Urdenbach. Nach der Sanierung soll in dem alten Fachwerkhaus das Gemeindeleben stattfinden. Von Beate Gostincar-Walther

Wenn das mal keine Weihnachtsüberraschung war! Kurz vor dem Fest verschickte Hans Thul, stellvertretender Kirchbaumeister der evangelischen Gemeinde in Urdenbach, per E-Mail ein symbolisches Geschenk an alle Verantwortlichen, die an der Entscheidung für den Hauskauf beteiligt waren: Ein Foto des Fachwerkhauses Urdenbacher Dorfstraße 13 verziert mit einer großen roten Schleife. Die Kirchengemeinde ist jetzt nämlich offiziell Eigentümer des verwunschenen Fachwerkhauses, das sich rechts von der Kirche zur Jägerei hin an das renovierte Eckhaus anlehnt.

Bis zuletzt war das etwas vernachlässigte Gemäuer im Familienbesitz; im Juni stand der Verkauf an, und die Maklerin hatte eine Eingebung. "Sie rief mich an und fragte: 'Wäre das nichts für Euch'," erzählt Pfarrer Matthias Köhler. Für eine Kaufentscheidung habe er allerdings nur zwei Tage Zeit. Etwas länger dauerte die formale Abwicklung dann schon; das Presbyterium signalisierte jedoch schnell und deutlich: "Ja, wir wollen das". "Uns war klar: Das ist eine historische Chance, die wir wahrnehmen müssen. Das Grundstück grenzt direkt an unsere Kirche, und das Haus wurde wohl kurz nach der Kirche gebaut", erzählt Hans Thul begeistert. Der Kaufvertrag stand bereits Mitte September, einschließlich der Überwindung aller bürokratischen Hürden war kurz vor Weihnachten alles unter Dach und Fach. Schließlich galt es nicht nur die Zustimmung des Presbyteriums einzuholen, auch die Gesamtkirchengemeinde Düsseldorf-Süd und der Kirchenkreis mussten an der Entscheidung beteiligt werden. "Das ist beim Bau sowie bei Kauf und Verkauf von Immobilien notwendig, weil es für unsere Entwicklung wichtig ist, ein gemeinsames Konzept zu haben", erklärt Thul.

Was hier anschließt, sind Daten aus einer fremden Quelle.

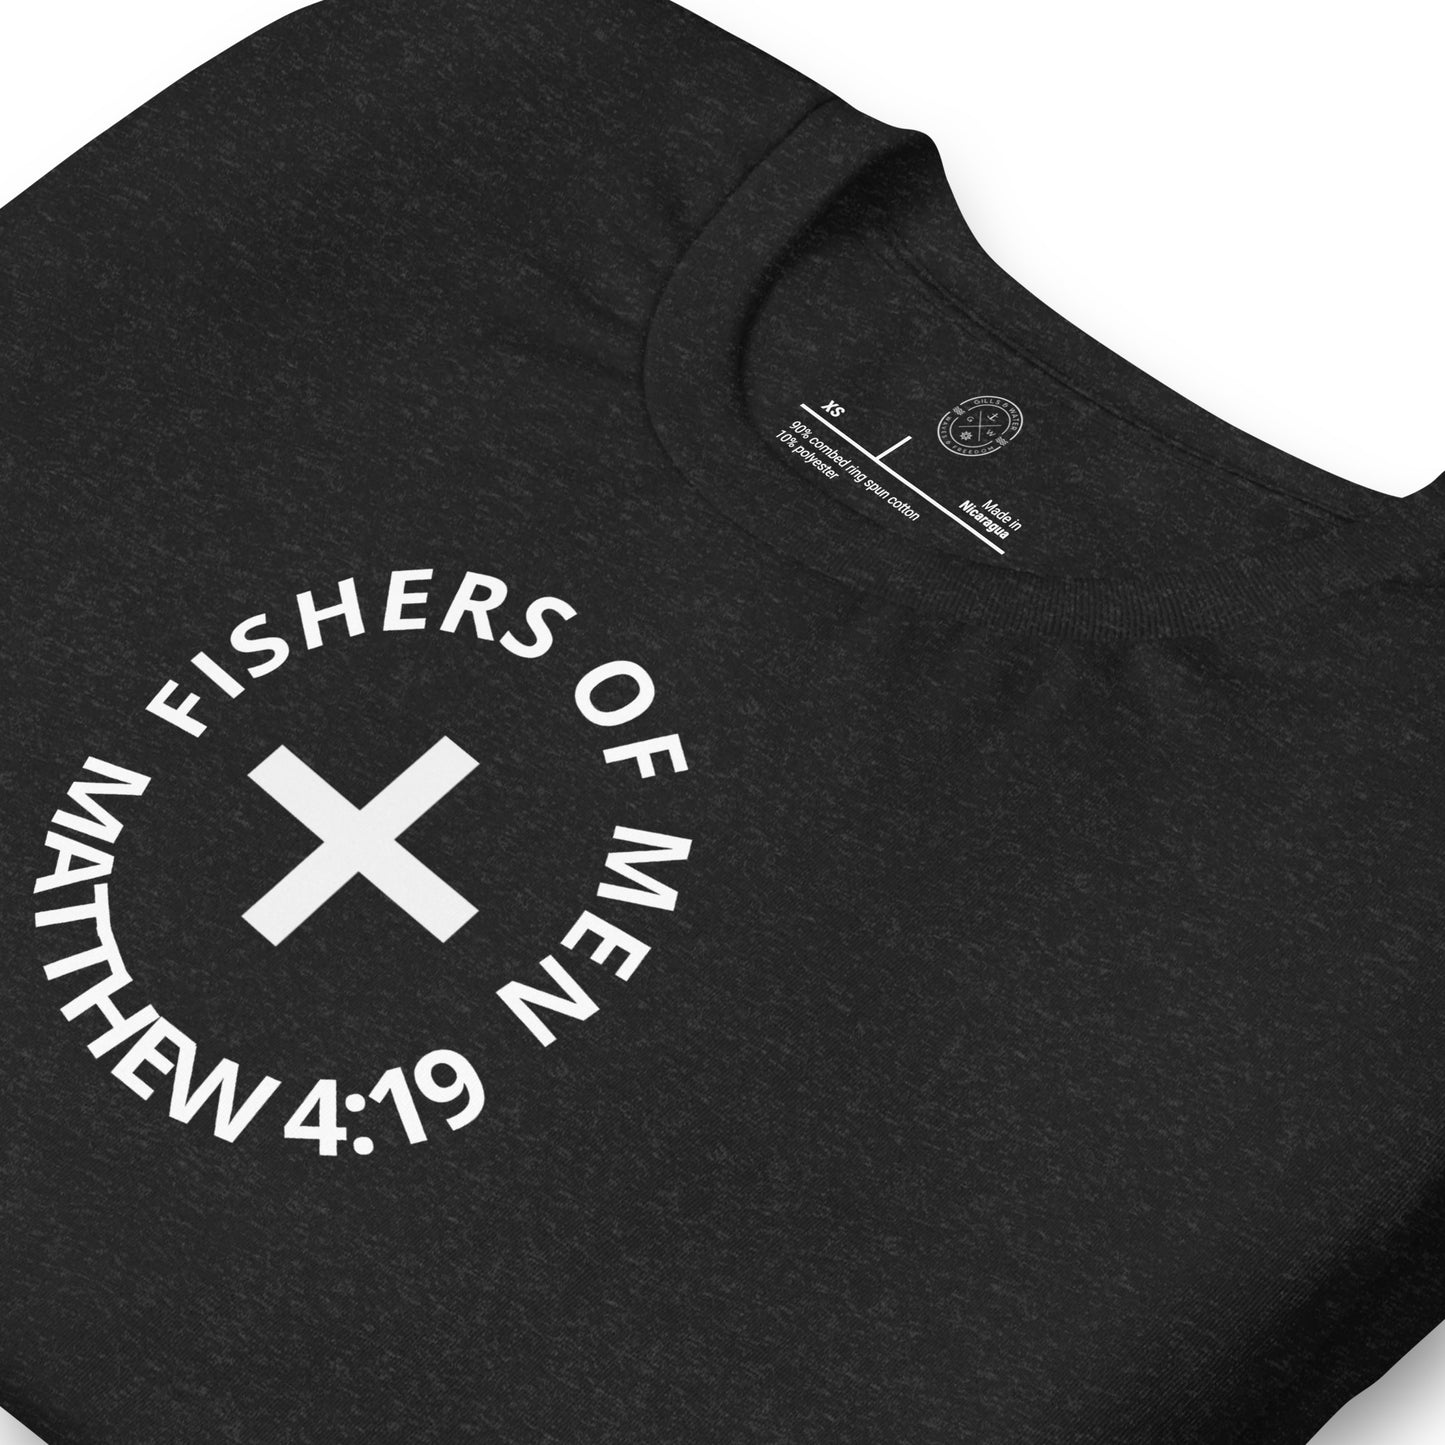 FISHERS OF MEN: Premium Unisex t-shirt by Gills & Water

Rund 100 Quadratmeter Fläche hat das Haus; es hat mehrere Zimmern, das gesamte Grundstück ist rund 400 Quadratmeter groß. Es verläuft parallel zur Kirche bis hin zur ehemaligen "Leichengasse". "So hieß die schmale Gasse beim hinteren Ausgang der Kirche früher", weiß Matthias Köhler. "In der Bauakte fanden sich keine historischen Hintergründe und auch keine Pläne, deshalb musste erst einmal ein Architekt alles vermessen", sagt Hans Thul. "Die einstigen Bauherren waren sicher keine armen Leute", vermutet Hans Thul, der früher als Bauingenieur tätig war. Weil das Dach einmal neu gedeckt wurde, sei das "Innenleben" des Gebäudes einigermaßen erhalten. "Ich war neugierig, und fand es toll", meint Matthias Köhler zu seiner ersten Besichtigungsrunde. Dann seien bei ihm Sorgenfalten entstanden, wegen der reichlichen Arbeit, die nun bevorstehe. Die Freude überwiegt jedoch, weil sich mit dem betagten Fachwerkhaus neue Möglichkeiten eröffnen.

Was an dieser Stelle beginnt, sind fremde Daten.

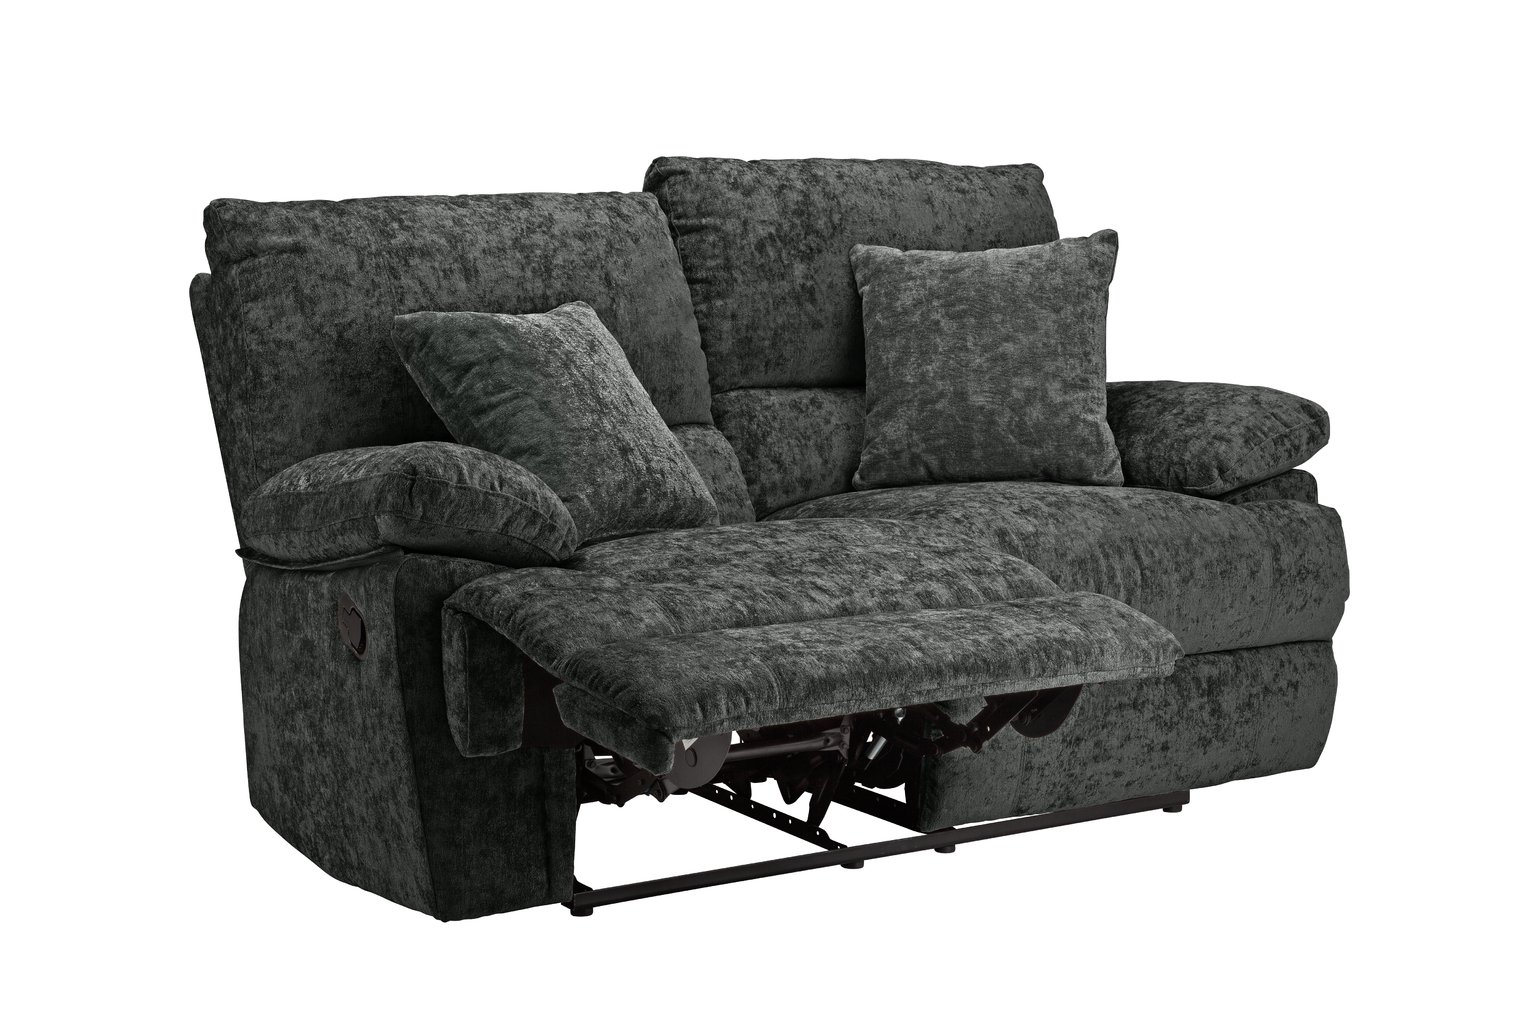 Argos Home Carmilla 2 Seater Fabric Recliner Sofa Review

Die Nutzung des jetzigen Gemeindehauses an der Angerstraße sei wegen der baulichen Eigenheiten für ältere Menschen und Gehbehinderte eine Tortur, weiß Hans Thul aus eigener Erfahrung. "Es wurde um 1913 gebaut. Da es damals noch keinen Deich gab, ist das erste Geschoss sehr hoch gebaut", erklärt Hans Thul. Wer hinein will, muss erst einmal neun Stufen überwinden.

Das Betreten des neuen Gemeindehauses wird mit dem Kauf und nach der Sanierung des Neuerwerbs anders. "Wir haben direkt neben der Kirche ein Haus mit einem ebenerdigen Zugang", freut sich der Presbyter. Dieses künftige einfach nur rübergehen sei für die Kommunikation und die Treffen nach dem Gottesdienst ein Gewinn.

Wie das Innenleben des Hauses sich nach der Sanierung präsentieren wird, und wann die ersten Spuren der Bauarbeiten zu sehen sind, das wissen die beiden noch nicht. Für's Erste sind Ideen der Gemeindemitglieder gefragt. Anschließend gilt es noch jede Menge Formalitäten abzuarbeiten, natürlich einschließlich des Denkmalschutzes, bis es in die Hände der Handwerker kommt. Aber "Ich habe keine Angst vor alten Häusern", sagt Hans Thul zuversichtlich und das, so fährt er fort, schließe auch den Kirchbaumeister der Gemeinde, Martin Busse, ein.